◆ ASSIGNMENT:
All lines from the one containing "Skirt Boutique Casual Casual" to the end of the listing below should be output exactly; omit the pictures.

◆ RAW DATA:
━━━━━━━━

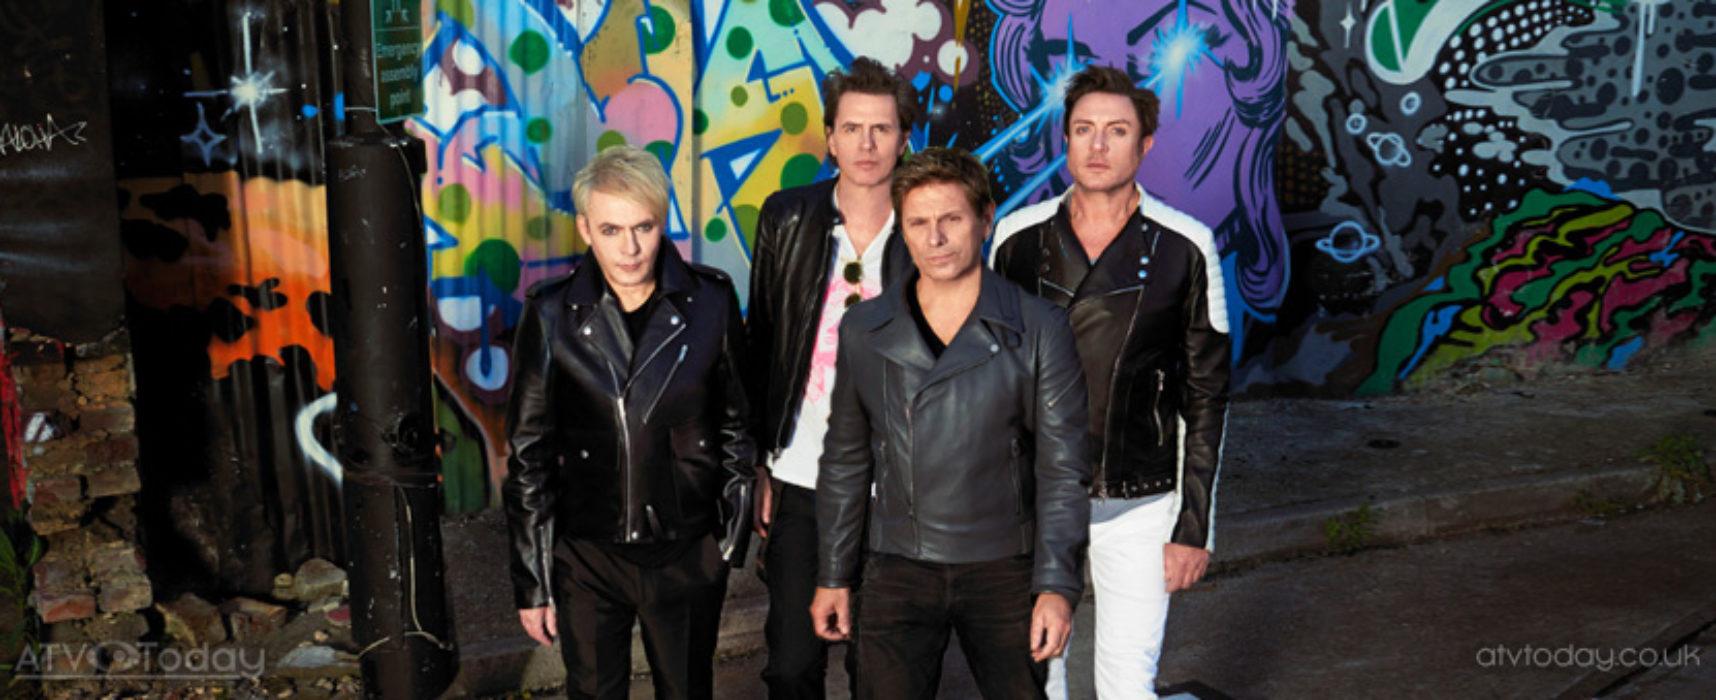 Duran Duran take over BBC Four for an evening
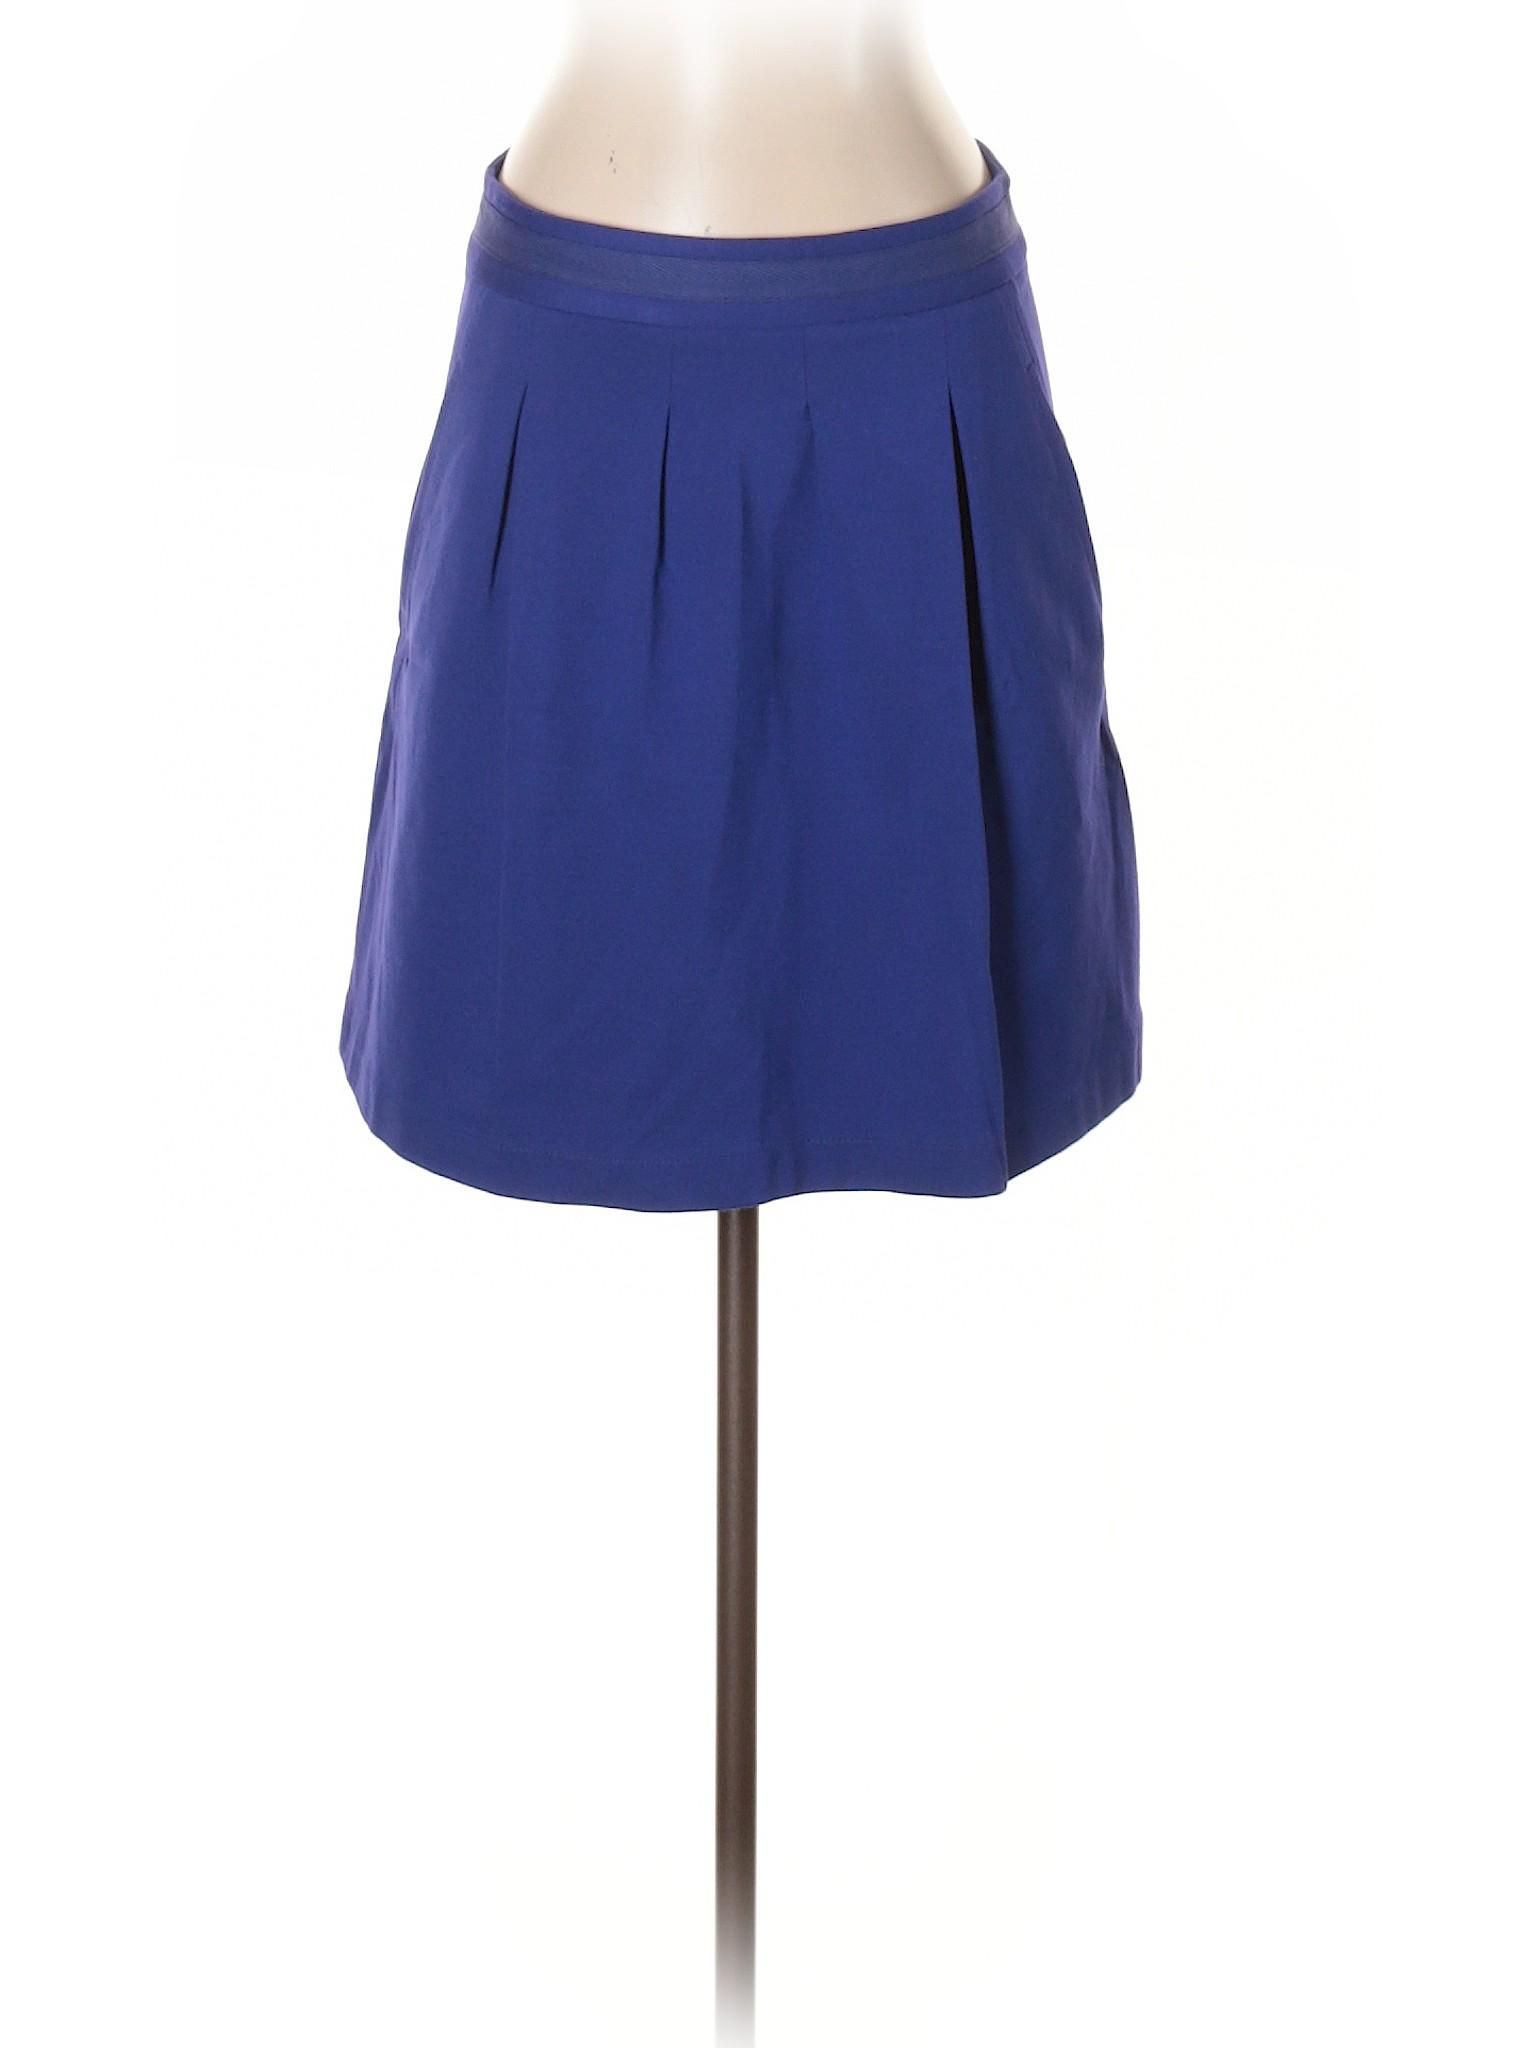 Skirt Boutique Casual Casual Casual Boutique Skirt Skirt Boutique Casual Skirt Boutique 8qapwSt
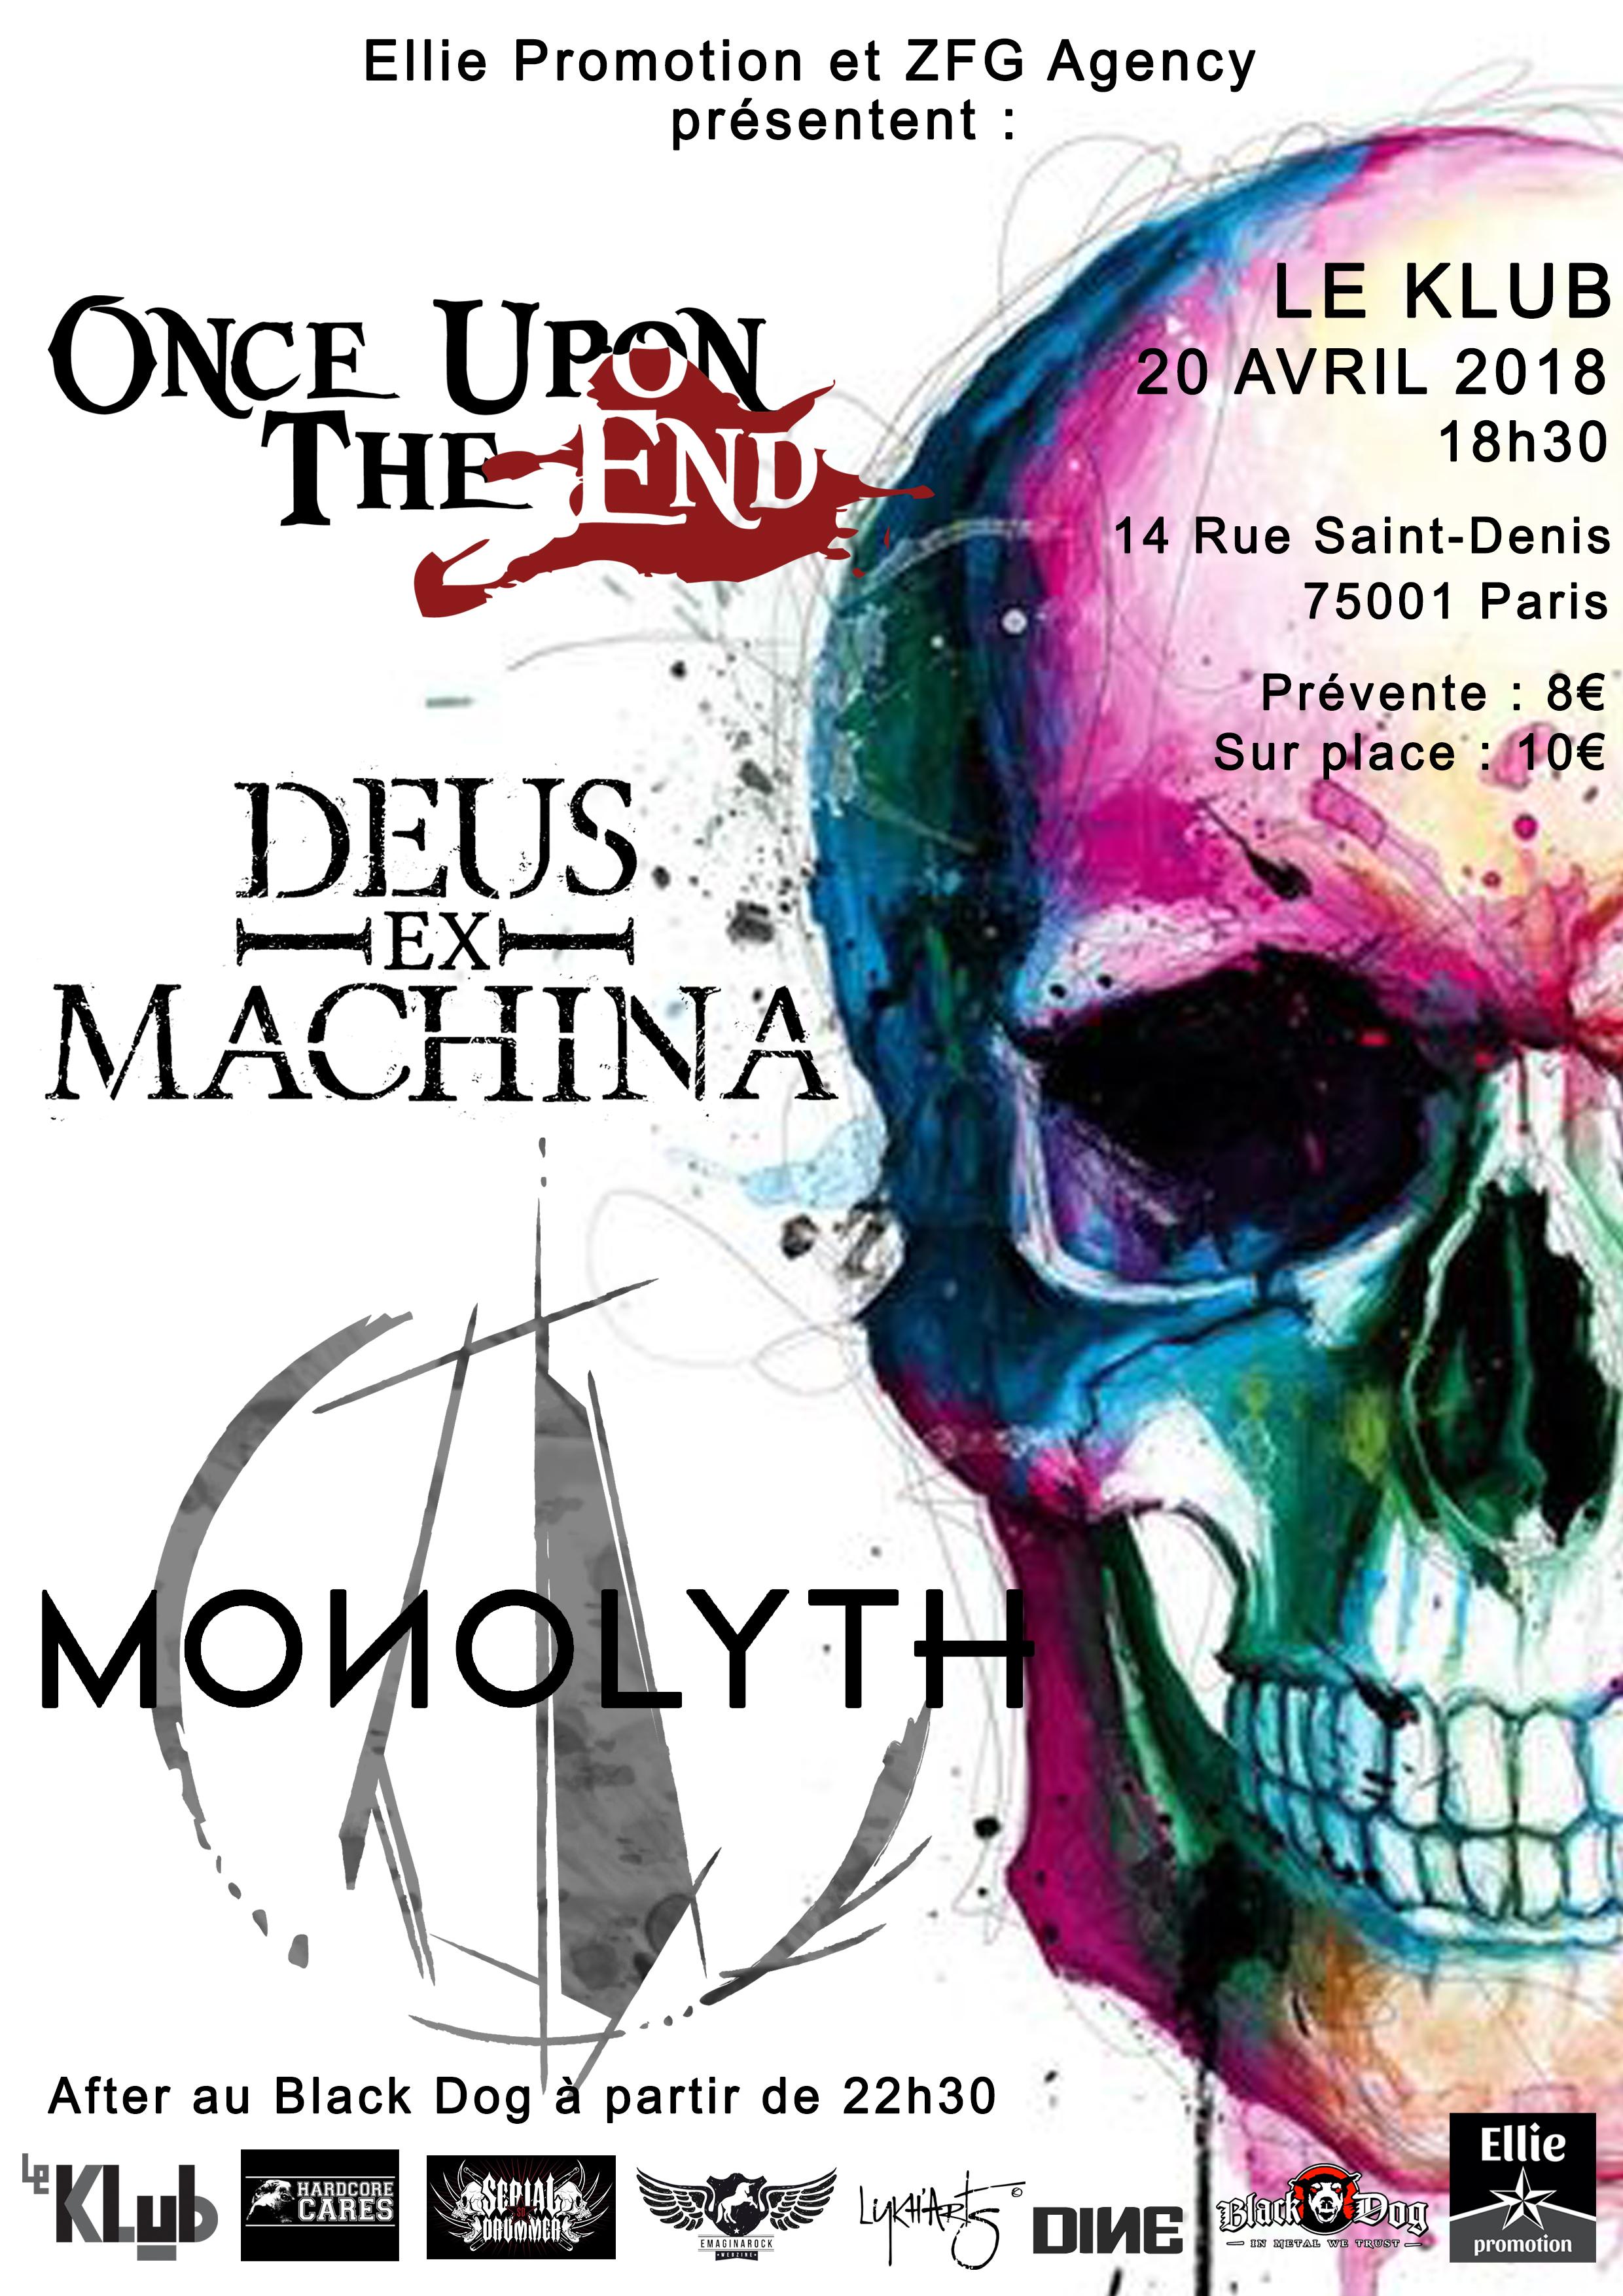 MONOLYTH + DEUS EX MACHINE + ONCE UPON THE END ■ 20.04

━━━━━━━━

◆ RESULT FOR THIS EXERCISE:
 Skirt Boutique Casual Casual Casual Boutique Skirt Skirt Boutique Casual Skirt Boutique 8qapwSt
 MONOLYTH + DEUS EX MACHINE + ONCE UPON THE END ■ 20.04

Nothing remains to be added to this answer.